Saturday March 11th
AI generated image with Midjourney
Data science is becoming more and more relevant with each passing day, as though it wasn't already omnipresent. Think about the billions if not trillions of useful data points that are captured every moment. From the weather to traffic to the endless content constantly being generated through social media platforms, there is a constant and mind-boggling torrent of data that accumulates and constitutes an incredibly powerful resource - one that is worth billions in and of itself. The existence of this overwhelming flood of data is often concealed from us - in the apps we often trust and use without a second thought, and by big corporate houses. Sitting on the other side of our tiny portable mirrors that lead us to the fantastical virtual world, lie several thousand employees and scientists carefully studying our data, alongside millions of others, just out of sight. It's really quite frightening if you think about it!
Increasingly, the use of data and data privacy have become hot-button topics in government and larger society. Data has proven to be a lethal weapon that gives producers the edge in the information war, and over consumers. We can defend ourselves by understanding the motive behind various organisations for using our data. As the common saying goes, "if you aren't paying for the product, you are the product."
Let's start with the most downloaded and regularly used class of apps in the world - social media. Have you ever considered how an app like Snapchat makes money? Or what about Instagram? Are they truly the pure, charitable organisations whose aim is to simply facilitate communication through technology they claim to be? And what about their algorithms. The staple of the modern social media app consists of an infinite feed of information. So how do they decide what to show you? It's by asking questions like this that we can be better informed.
That said, not all companies use data to scam you or exploit you. One good example of this is data-informed ads. Everyone wins, you get more useful ads, the platform gets better ad services and can charge higher rates, and advertisers get more effective ads with better click-through rates (CTR) at overall lower costs. This is subtly (yet crucially) different, however, from targetted ads which allow advertisers to direct their ads to specific ranges of targets to push their ads. This has proven adverse effects, including those presented by manipulative and malicious actors which directly target and oppress particular demographics, as in the case of Cambridge Analytica. If we simply understand the algorithms, and exercise our better judgement, taking the moment to step back and ask whether the content we consume on a daily basis truly deserves the time we spend on it, then there is nothing to fear and data can become a valuable tool to fix systematic issues.

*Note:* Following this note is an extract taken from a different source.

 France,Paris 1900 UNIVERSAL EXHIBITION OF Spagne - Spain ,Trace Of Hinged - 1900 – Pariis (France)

Take for instance the issue of car accidents. By creating meaningful tools to truly explore data, and perform insightful analysis we can learn important lessons about road structure and their fundamental relationship with car crashes. This is a well-documented and easily accessible topic with resources such as this dataset from the SWITRS system for car crashes in California on Kaggle. From this I created an application (pictures below) which combines unsupervised machine learning algorithms and an easy to explore map interface to identify clusters of car crashes by querying particular quadrants. I performed the clustering using the K-Means algorithm in conjunction with the elbow method so as to find a suitable number of clusters.
Top graph illustrates the map of California with datapoint illustrated as a point.

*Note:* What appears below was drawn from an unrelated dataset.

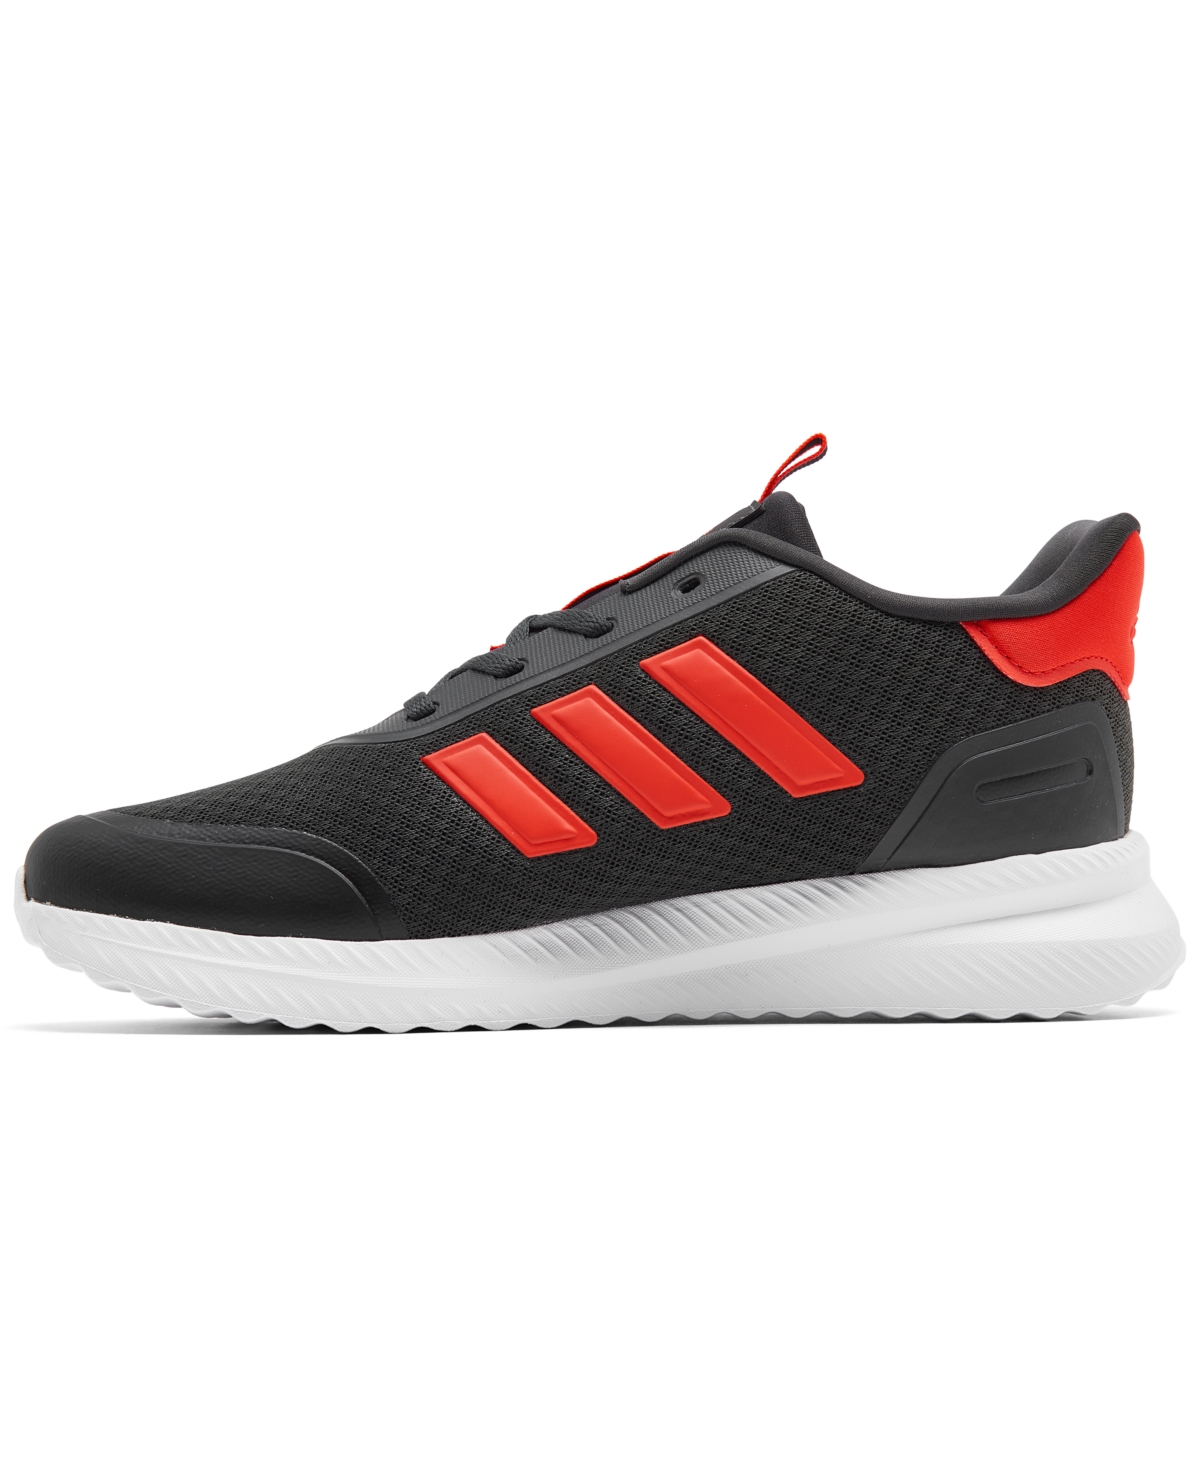 Shop Adidas Originals Originals Big Kids Xplr Casual Sneakers From Finish Line In Carbon,bright Red,cloud White

Bottom graph shows a 3D map of the collisions that occur in discrete 0.05 longitude x 0.05 latitude boxes.
Clustering on a local area, each cluster shown in a different colour
Understanding data and what data we produce is the new normal and will only become increasingly important as deepfakes and AI become more effective and prominent in our lives - to strike the balance between limiting our data footprint, and embracing the future without fear is the key.